WHAT YOU SHOULD DO = Please restate the data that follows word for word, with the pictures left out.

DATA SEGMENT =

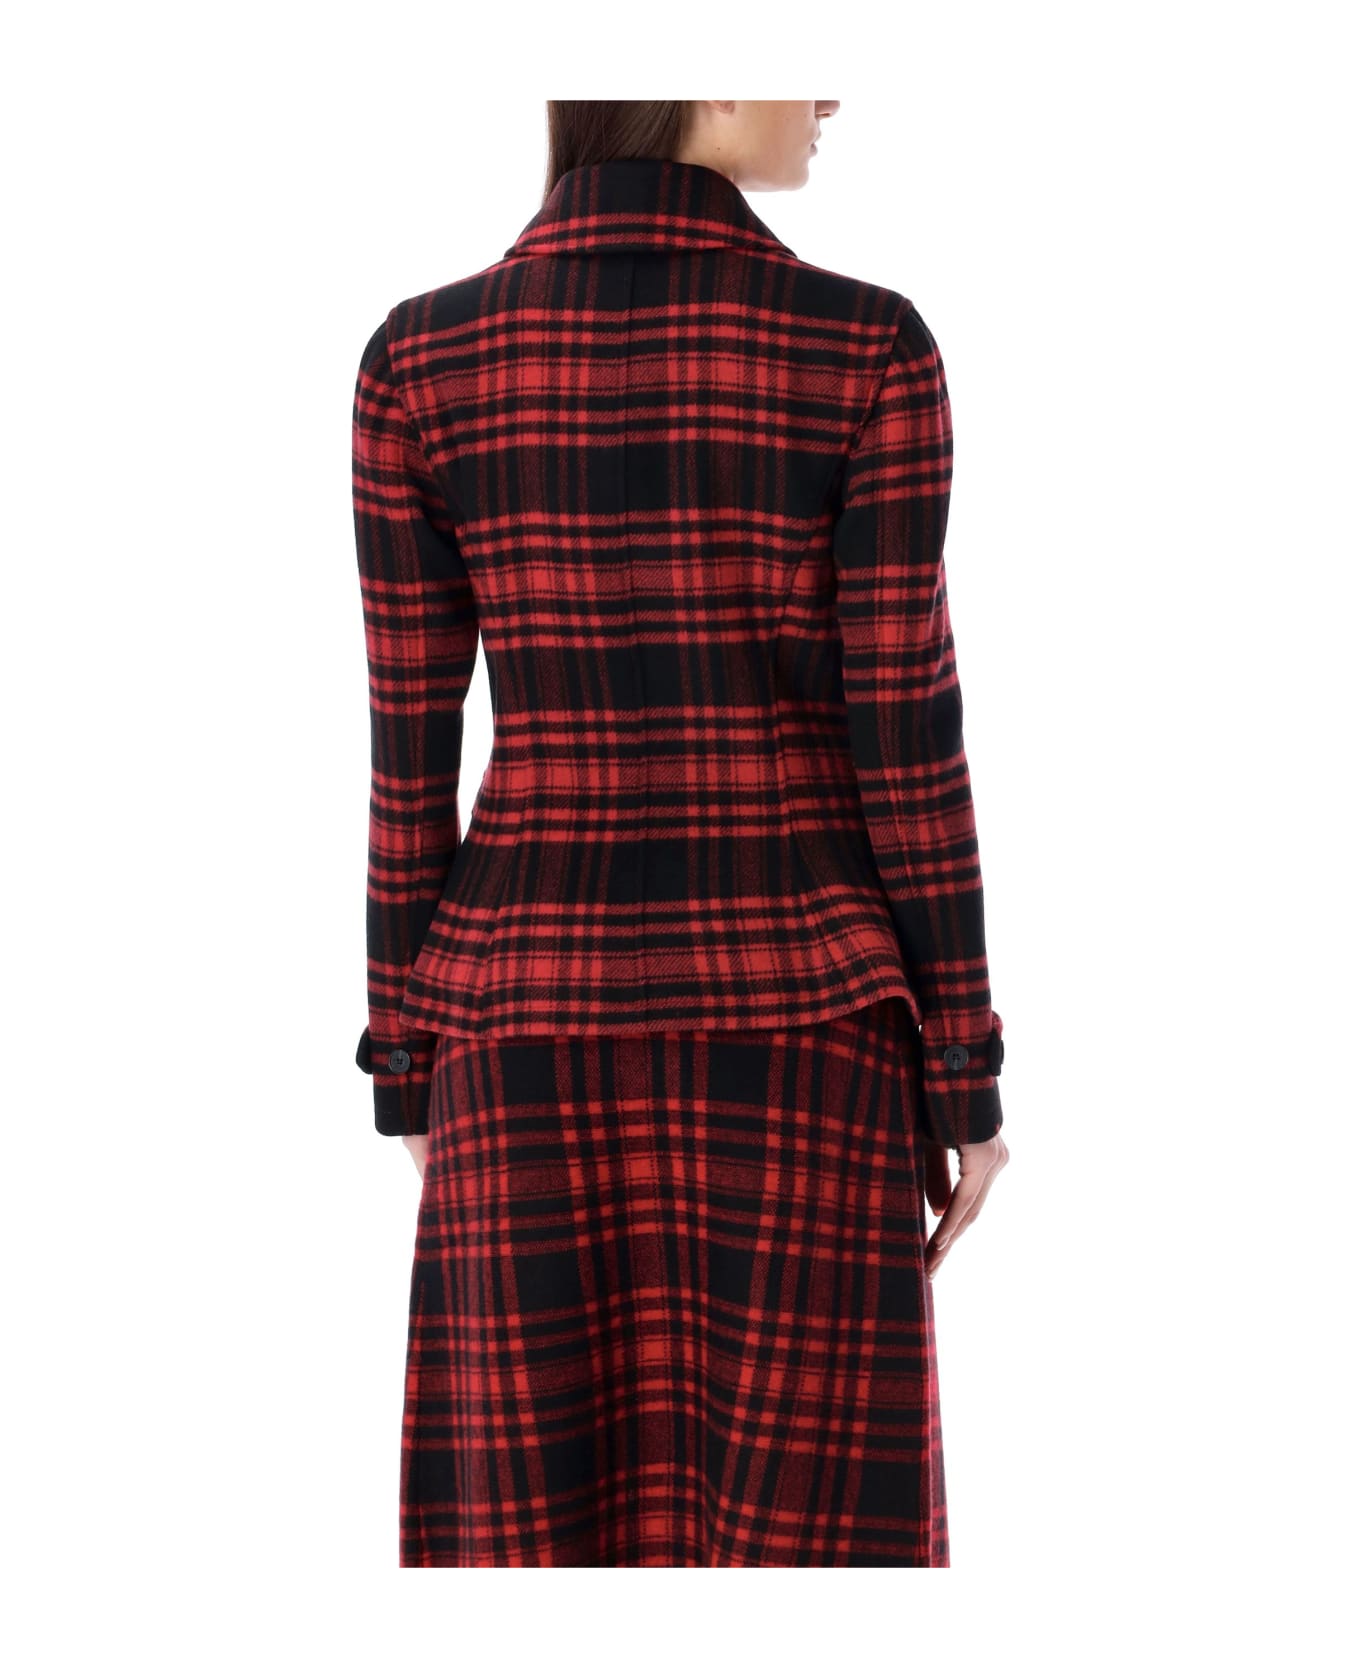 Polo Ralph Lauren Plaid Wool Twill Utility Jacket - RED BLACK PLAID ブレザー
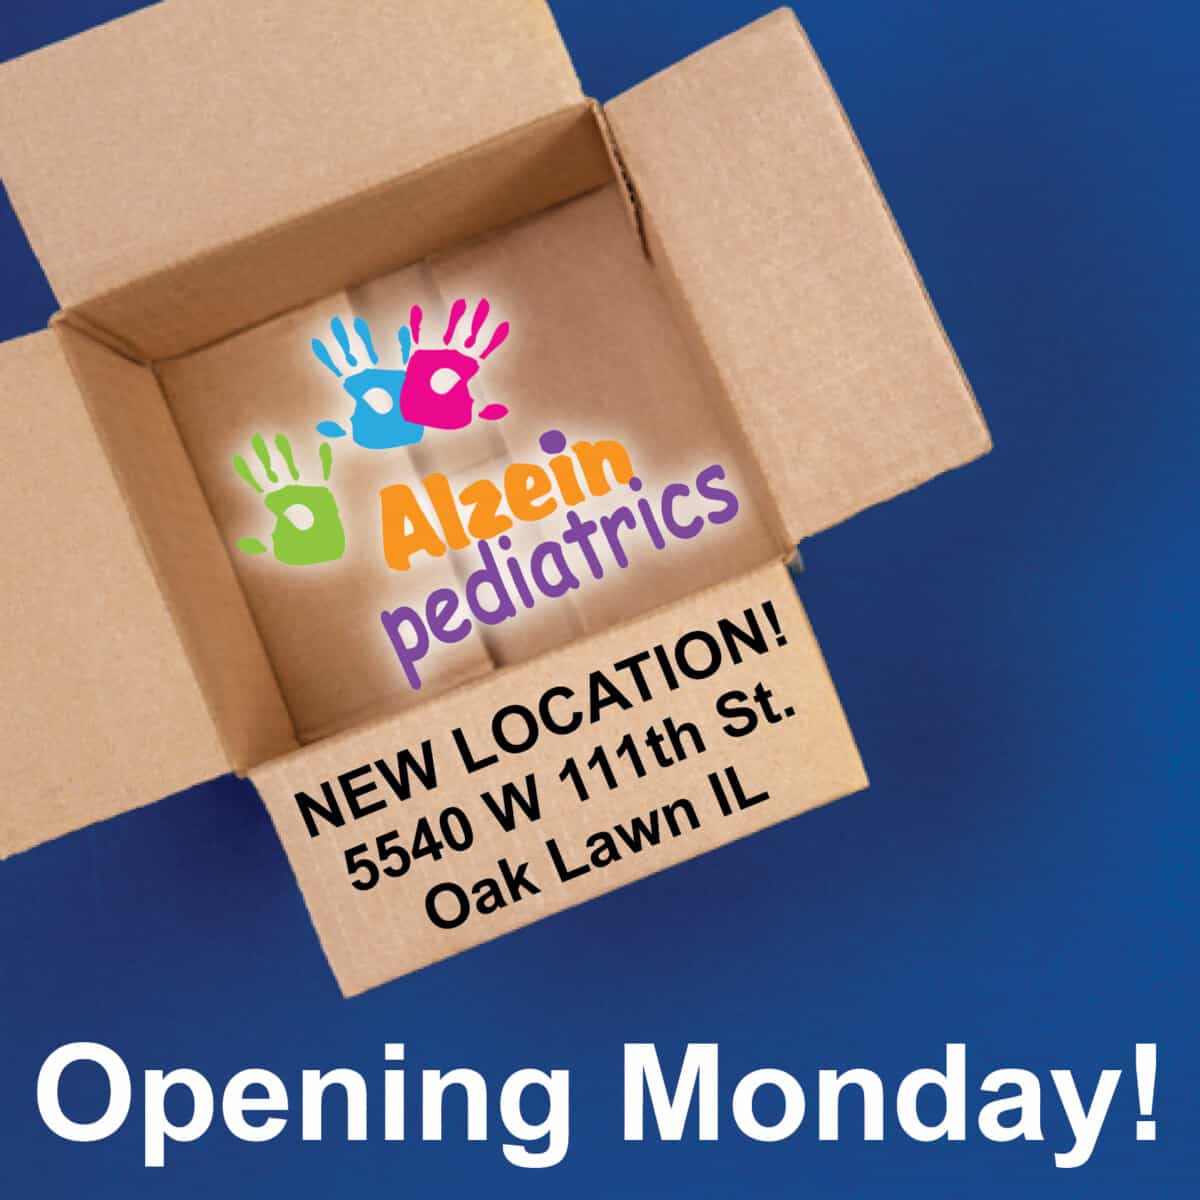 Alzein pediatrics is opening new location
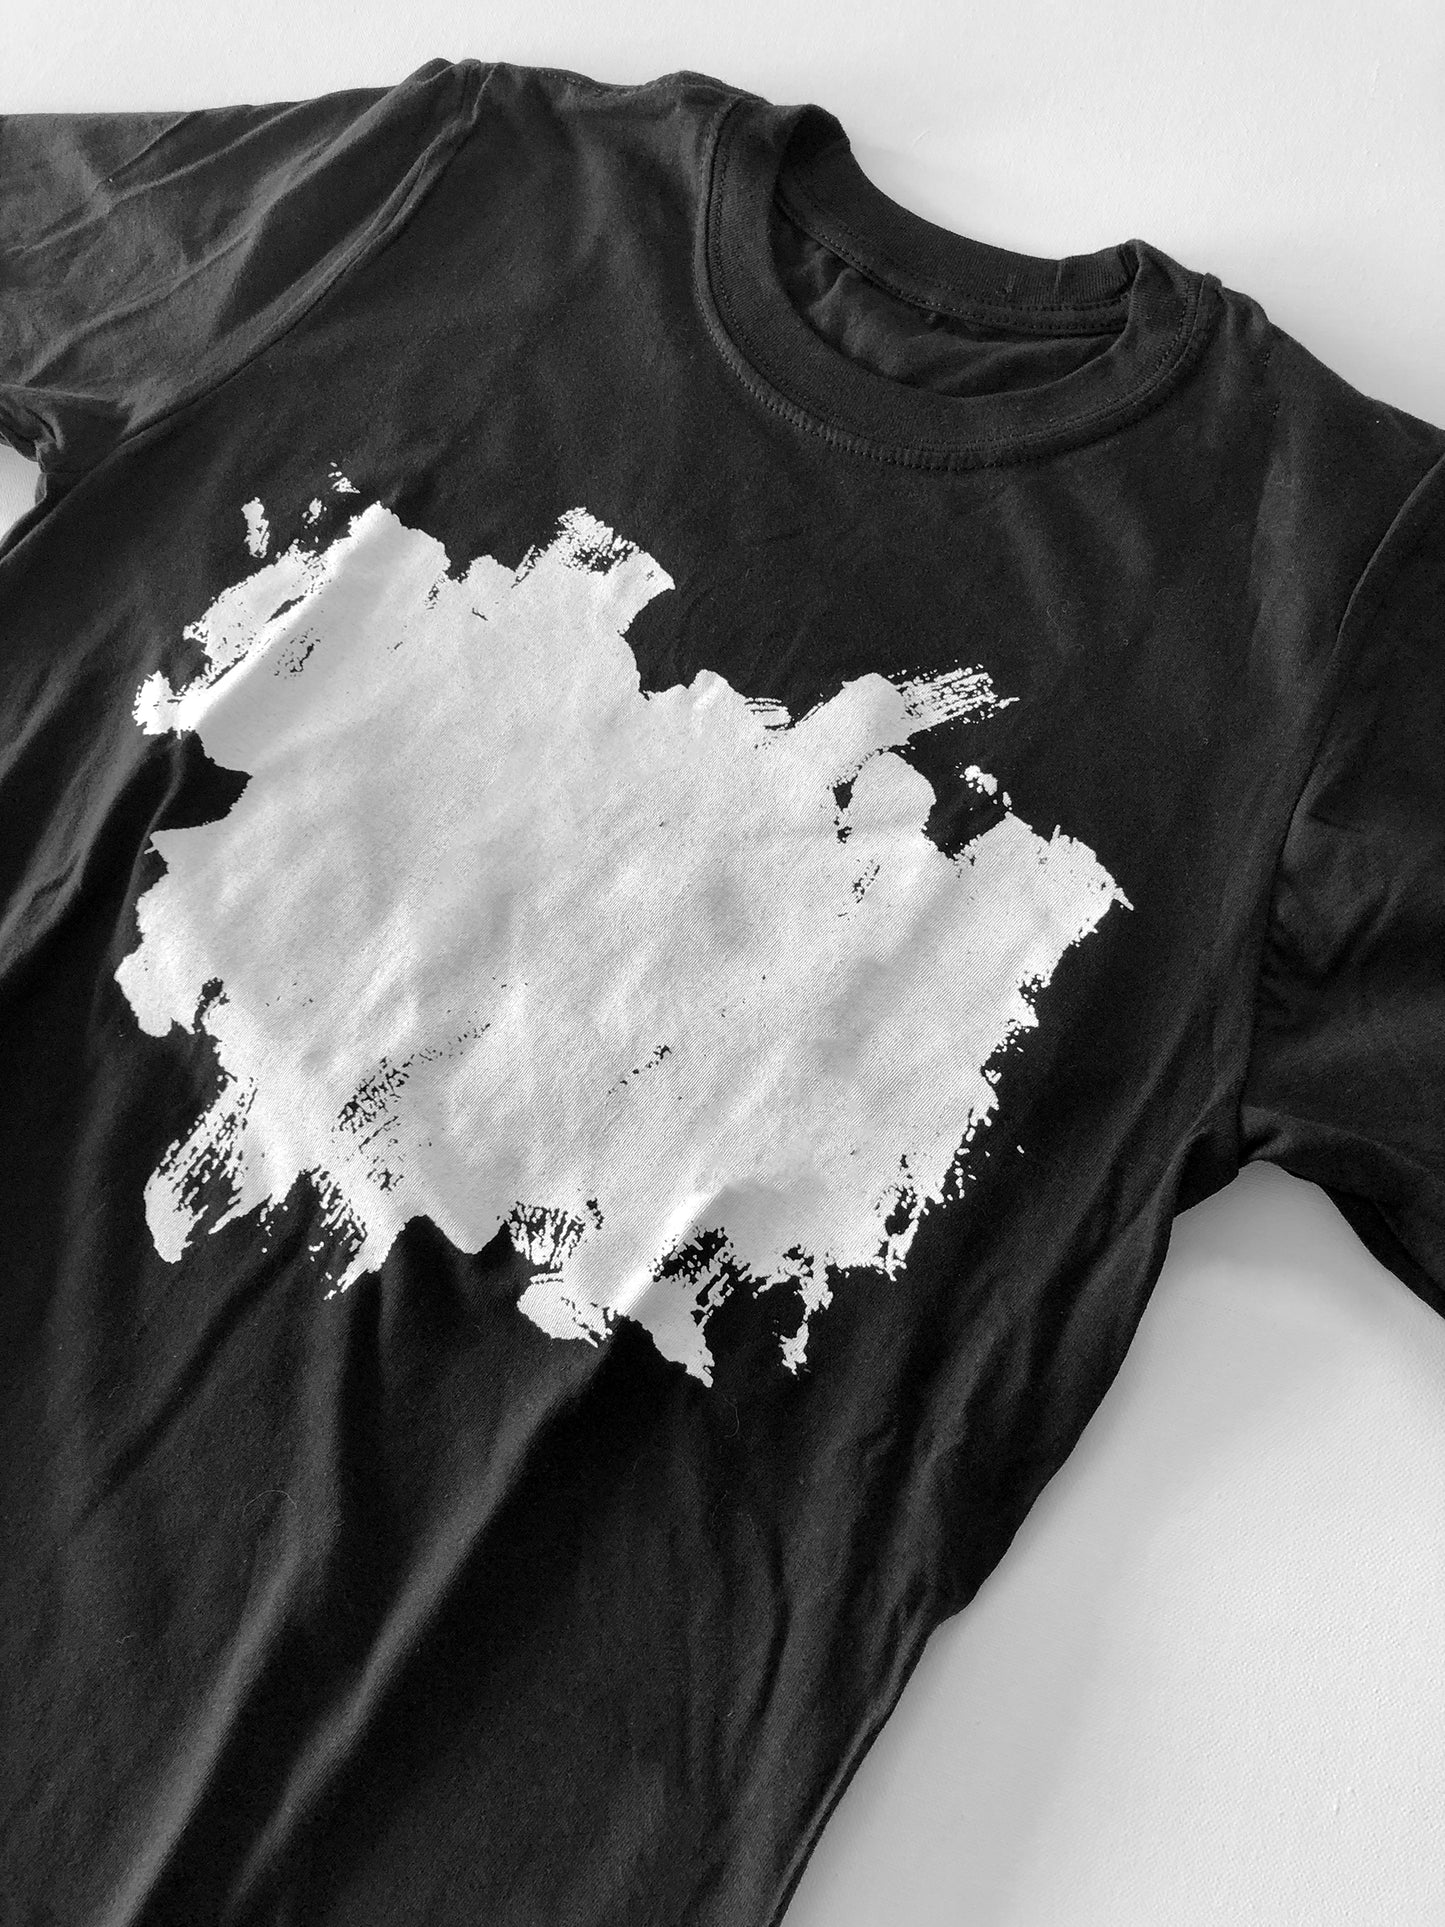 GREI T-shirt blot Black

WRITTEN RESPONSE =
 Polo Ralph Lauren Plaid Wool Twill Utility Jacket - RED BLACK PLAID ブレザー
 Alzein pediatrics is opening new location
 GREI T-shirt blot Black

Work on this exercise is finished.